Add dry-run proposal

kragniz · kragniz · commit 284cece7e81c · 2018-06-01T17:43:59.000+01:00
diff --git a/docs/proposals/puppet-wing-dry-run.rst b/docs/proposals/puppet-wing-dry-run.rst
@@ -0,0 +1,140 @@
+.. vim:set ft=rst spell:
+
+#######################
+Puppet Dry Run Via Wing
+#######################
+
+Background
+==========
+
+Using puppet's noop mode we can perform a proper dry-run of the changes that be
+performed on cluster instances.
+
+See http://nrvale0.github.io/posts/the-basics-of-puppet-noop/ for an overview on noop mode.
+
+Glossary
+--------
+
+- **Puppet dry-run**: a puppet mode which calculates changes, but does not actually apply them to the instance.
+
+Problem
+-------
+
+Currently there is no way to verify what a ``puppet apply`` will do to nodes.
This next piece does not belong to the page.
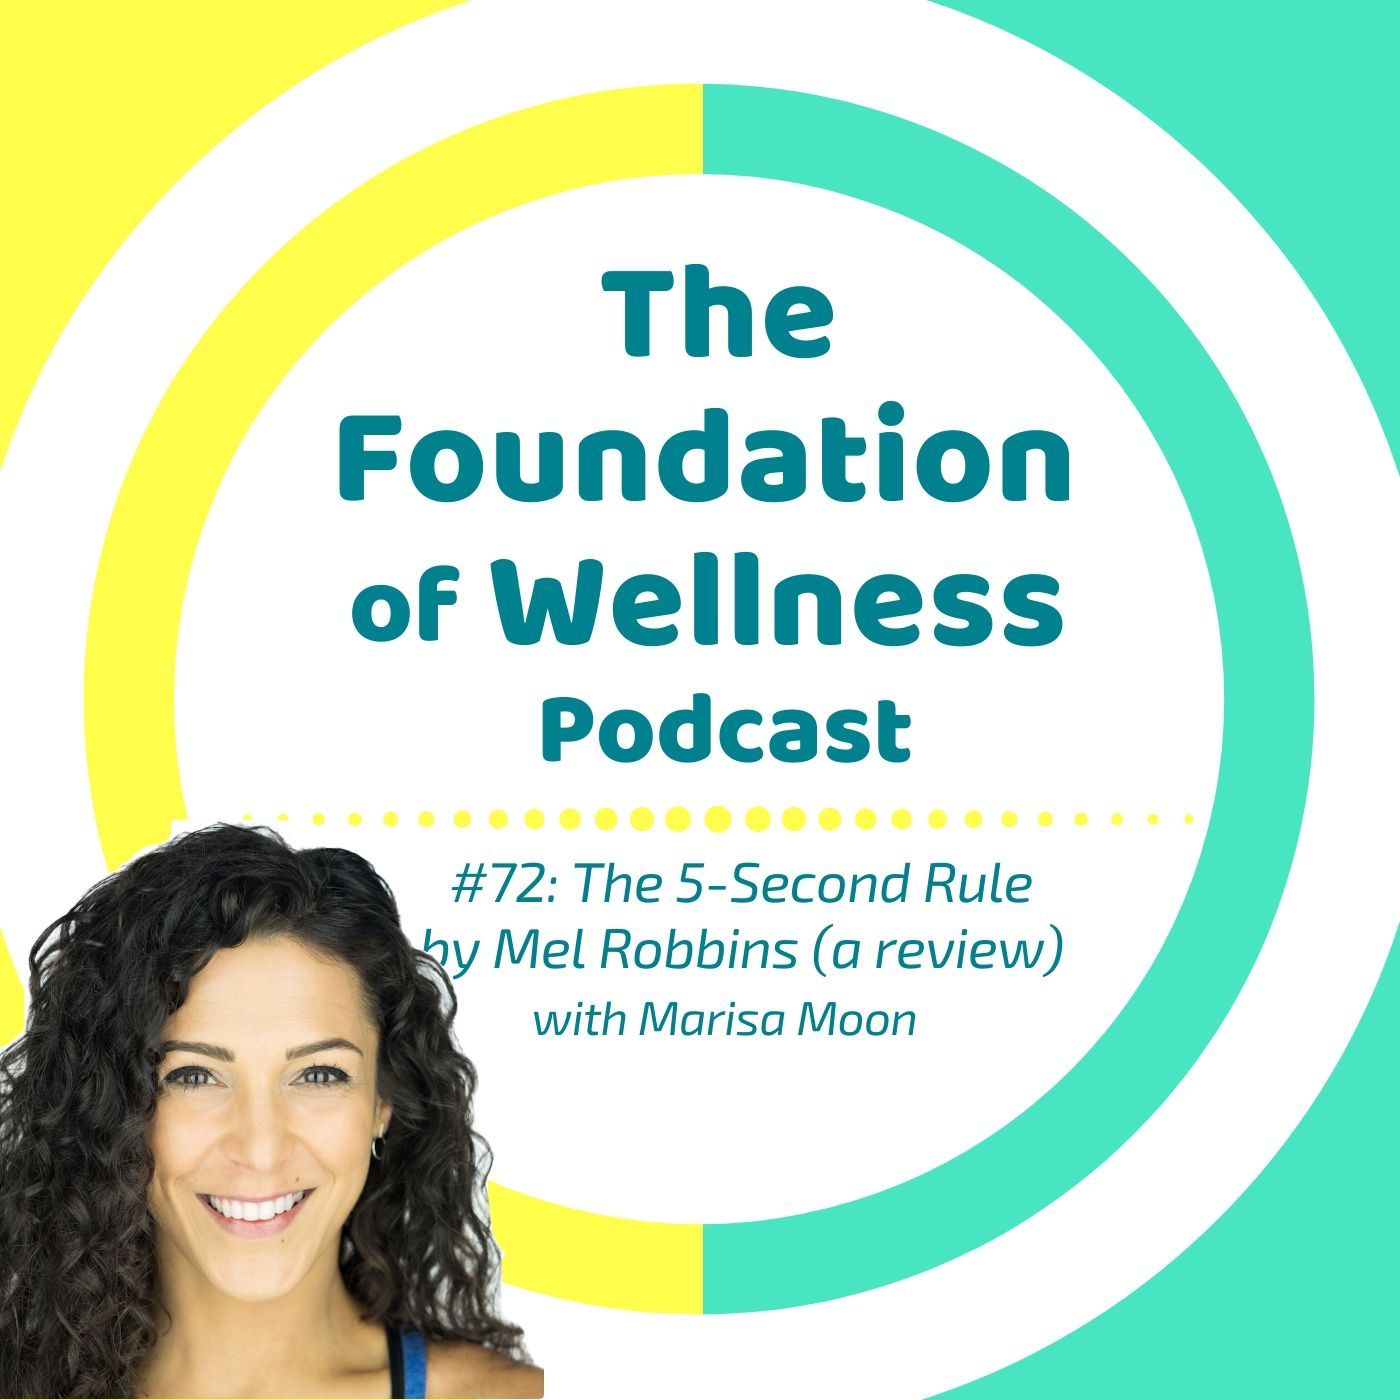 #72: How I Use the 5-Second Rule by Mel Robbins, Proven Strategy to Stop Overthinking with Marisa Moon

+In some situations, we would like to review the changes that Puppet would do on
+the system without actually applying them, to prevent causing destructive
+configuration changes.
+
+We need a way to represent applying a set of puppet manifests to an instance,
+and a way to view the output of an application.
+
+See:
+
+- https://github.com/jetstack/tarmak/issues/224
+
+Objective
+=========
+
+Verify puppet will make sensible and expected changes to the cluster when running::
+
+    $ tarmak cluster puppet-plan
+
+which complements ``cluster puppet-plan`` verifying Terraform changes.
+
+Changes
+=======
+
+To implement this, new objects will be added to Wing's API.
+
+New API objects
+---------------
+
+``PuppetManifest``
+******************
+
+A resource representing a set of puppet manifests to apply to an instance.
+
+This bundles together the source (S3, google Cloud Storage, etc) and
+verification of the source (a hash, PGP signature, etc).
+
+.. code-block:: yaml
+
+    kind: PuppetManifest
+    metadata:
+      name: example-manifest
+    hash: sha256:34242343
+    source:
+      s3:
+        bucketName: something
+        path: something-else/puppet.tar.gz
+
+The source will be structured similarly to kubernetes' ``VolumeSource``, with a
+field for each type of source. For example, something like this in ``types.go``:
+
+.. code-block:: go
+
+    type ManifestSource struct {
+           S3 *S3ManifestSource `json:"s3ManifestSource"`
+    }
+
+    type S3ManifestSource struct {
+           BucketName string `json:"bucketName"`
+    }
+
+
+``PuppetJob``
+*************
+
+A resource representing the application of a ``PuppetManifest`` on an instance:
+
+.. code-block:: yaml
+
+    kind: PuppetJob
+    metadata:
+      name: example-job
+    spec:
+      manifestRef:
+        name: example-manifest
+      operation: "dry-run"
+      instanceID: 1234
+    status:
+      exitCode: 1
+      messages: ""
+
+This references a pre-existing ``PuppetManifest``, and performs the specified
+action on an instance.
+
+Changes to existing API objects
+-------------------------------
+
+``InstanceSpec`` will have a ``manifestRef`` field also linking to a ``PuppetManifest`` resource.
+This will be the manifest applied to the instance.
+
+Changes to tarmak CLI
+---------------------
+
+The tarmak CLI needs modification to add support for creating
+``PuppetManifest`` and ``PuppetJob`` resources.
+
+The planned workflow is to run::
+
+    $ tarmak cluster puppet-plan
+
+which creates ``PuppetJob`` resources for either a subset of instances of each
+type in the current cluster, or all instances. This blocks until
+``PuppetJob.Status.ExitCode`` for each created job is populated.
+
+It would be nice to filter and only display results based on the exit code of puppet, but it seems the exit code is always ``0`` when ``--noop`` is enabled::
+
+    https://tickets.puppetlabs.com/browse/PUP-686
+
+Notable items
+=============
+
+Concerns
+--------
+
+- Performing updates to puppet manifests will leave ``PuppetJob`` and
+  ``PuppetManifest`` resources hanging around. Should there be an automated clean
+  up process for stale items?
+- We need to think about how to handle ``PuppetJob`` resources timing out in the case of an instance failure during a plan.